• [TASK MATERIAL]

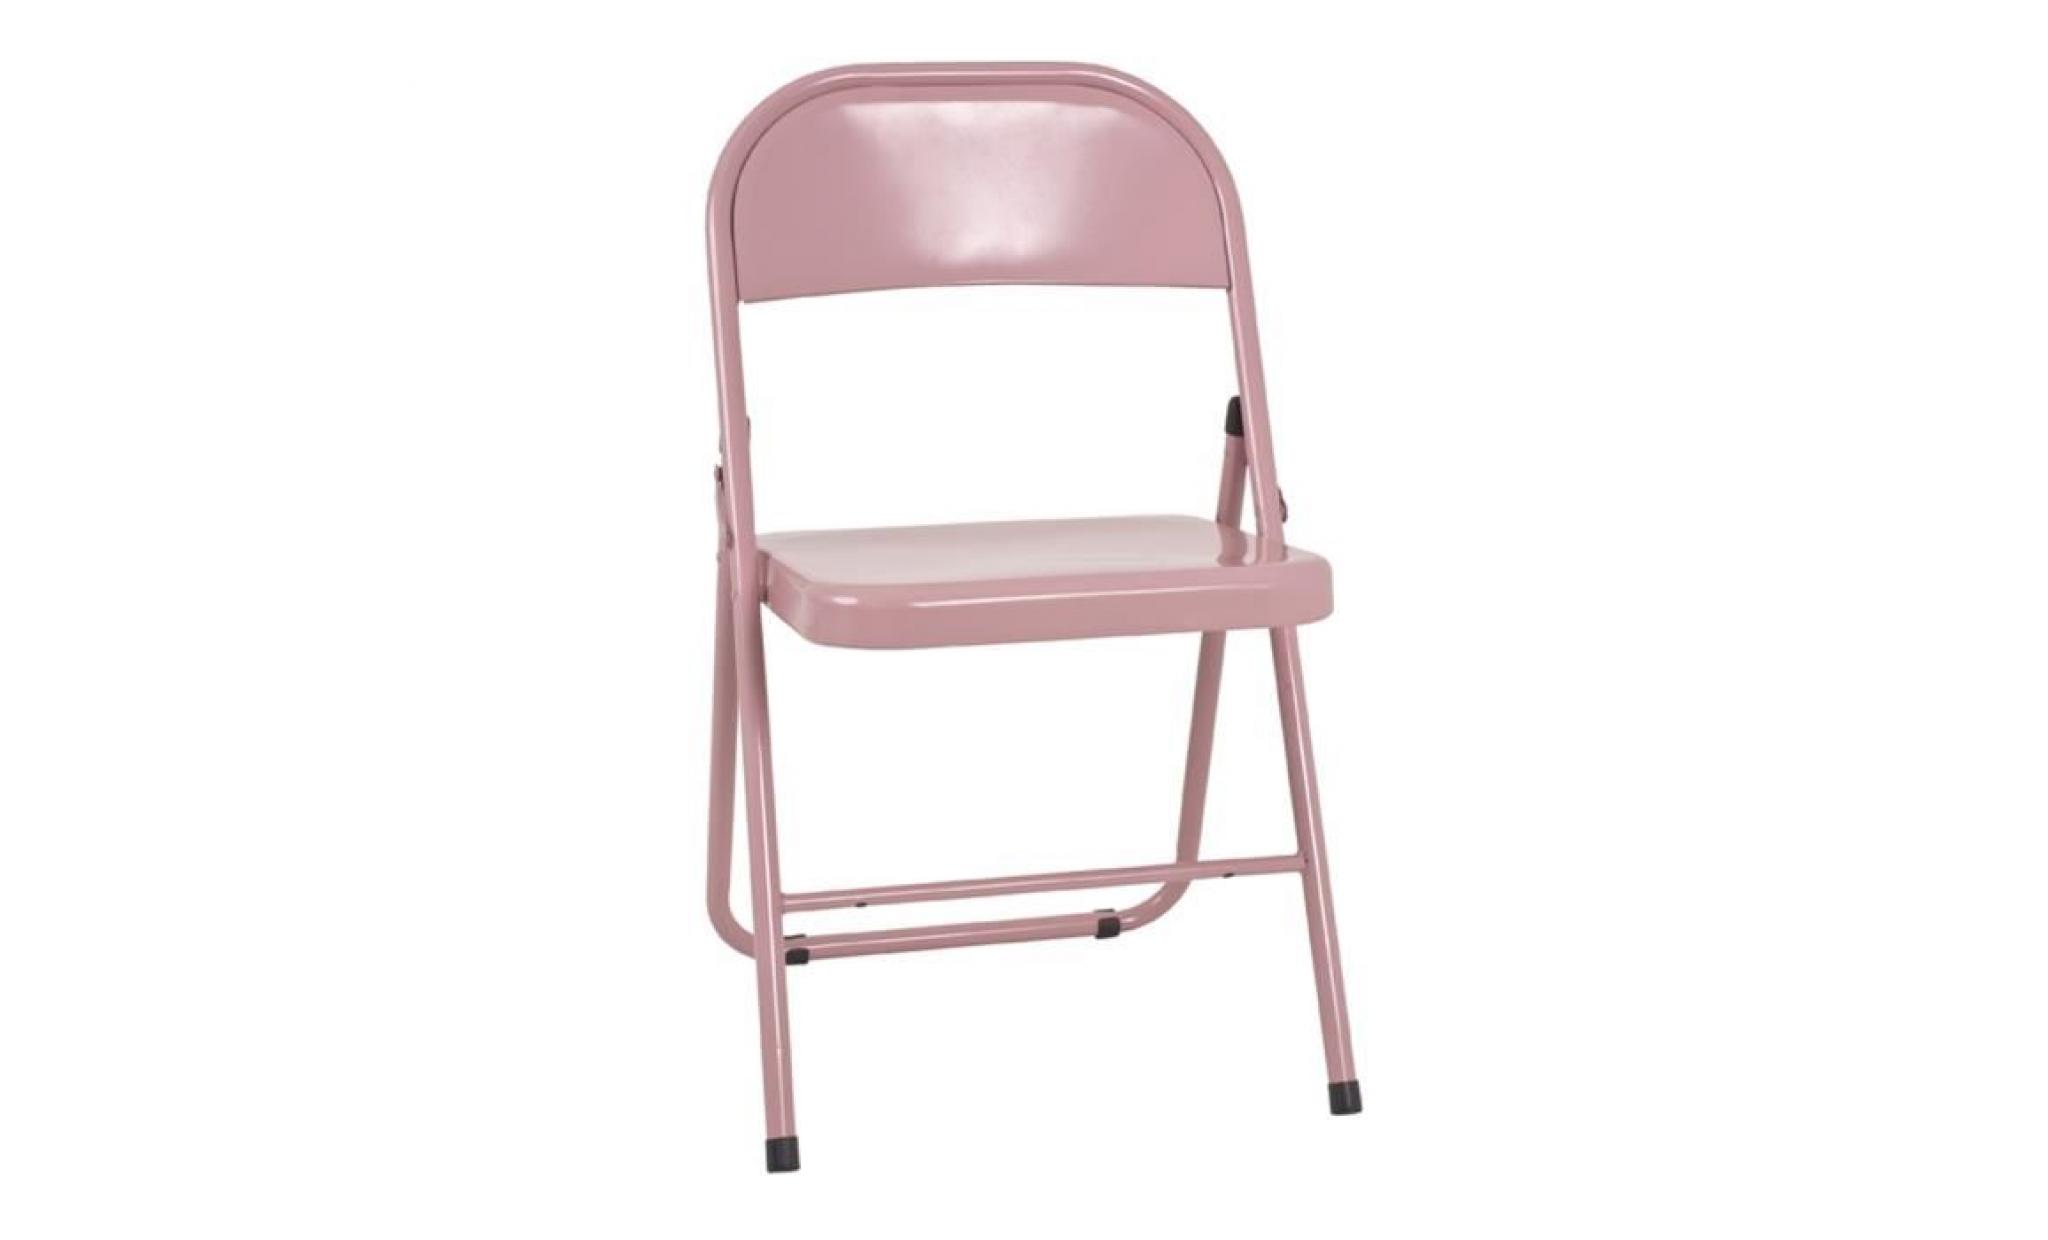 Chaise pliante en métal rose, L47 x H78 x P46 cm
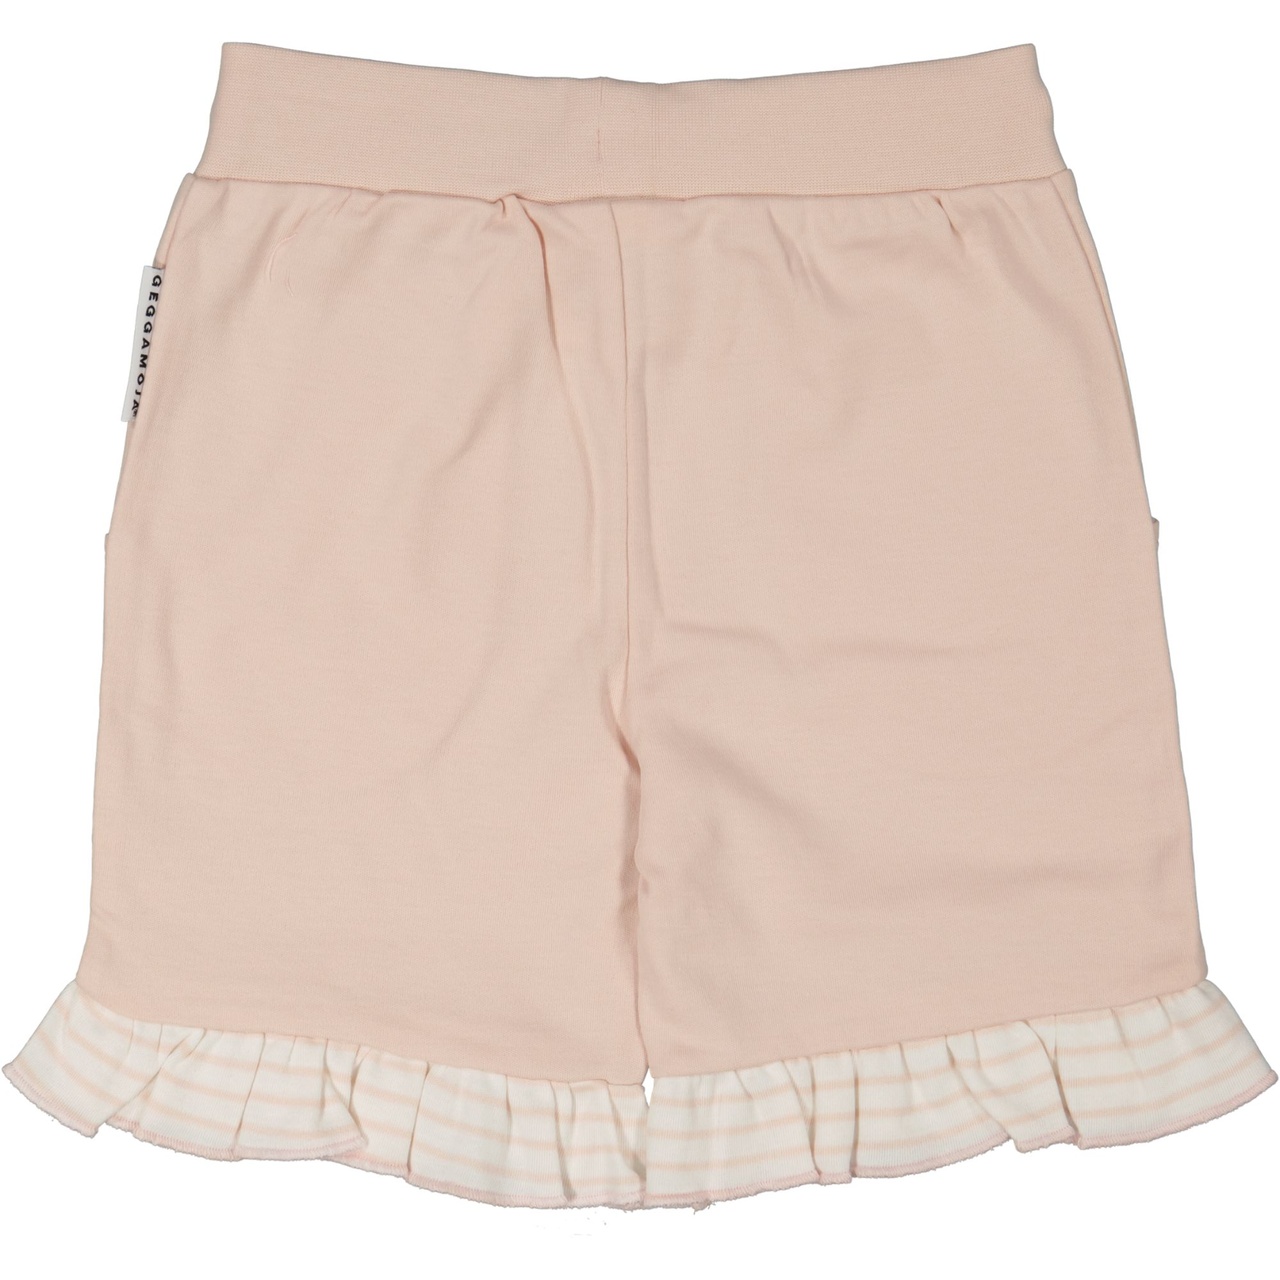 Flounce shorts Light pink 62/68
---
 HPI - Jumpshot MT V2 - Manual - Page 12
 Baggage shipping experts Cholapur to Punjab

• [EXERCISE] The answer is the lines of the material above, from the one containing "Chaise pliante en" down to the one containing "Flounce shorts Light pink 62/68", given exactly and without images.

• [OUTPUT]
 Chaise pliante en métal rose, L47 x H78 x P46 cm
 Flounce shorts Light pink 62/68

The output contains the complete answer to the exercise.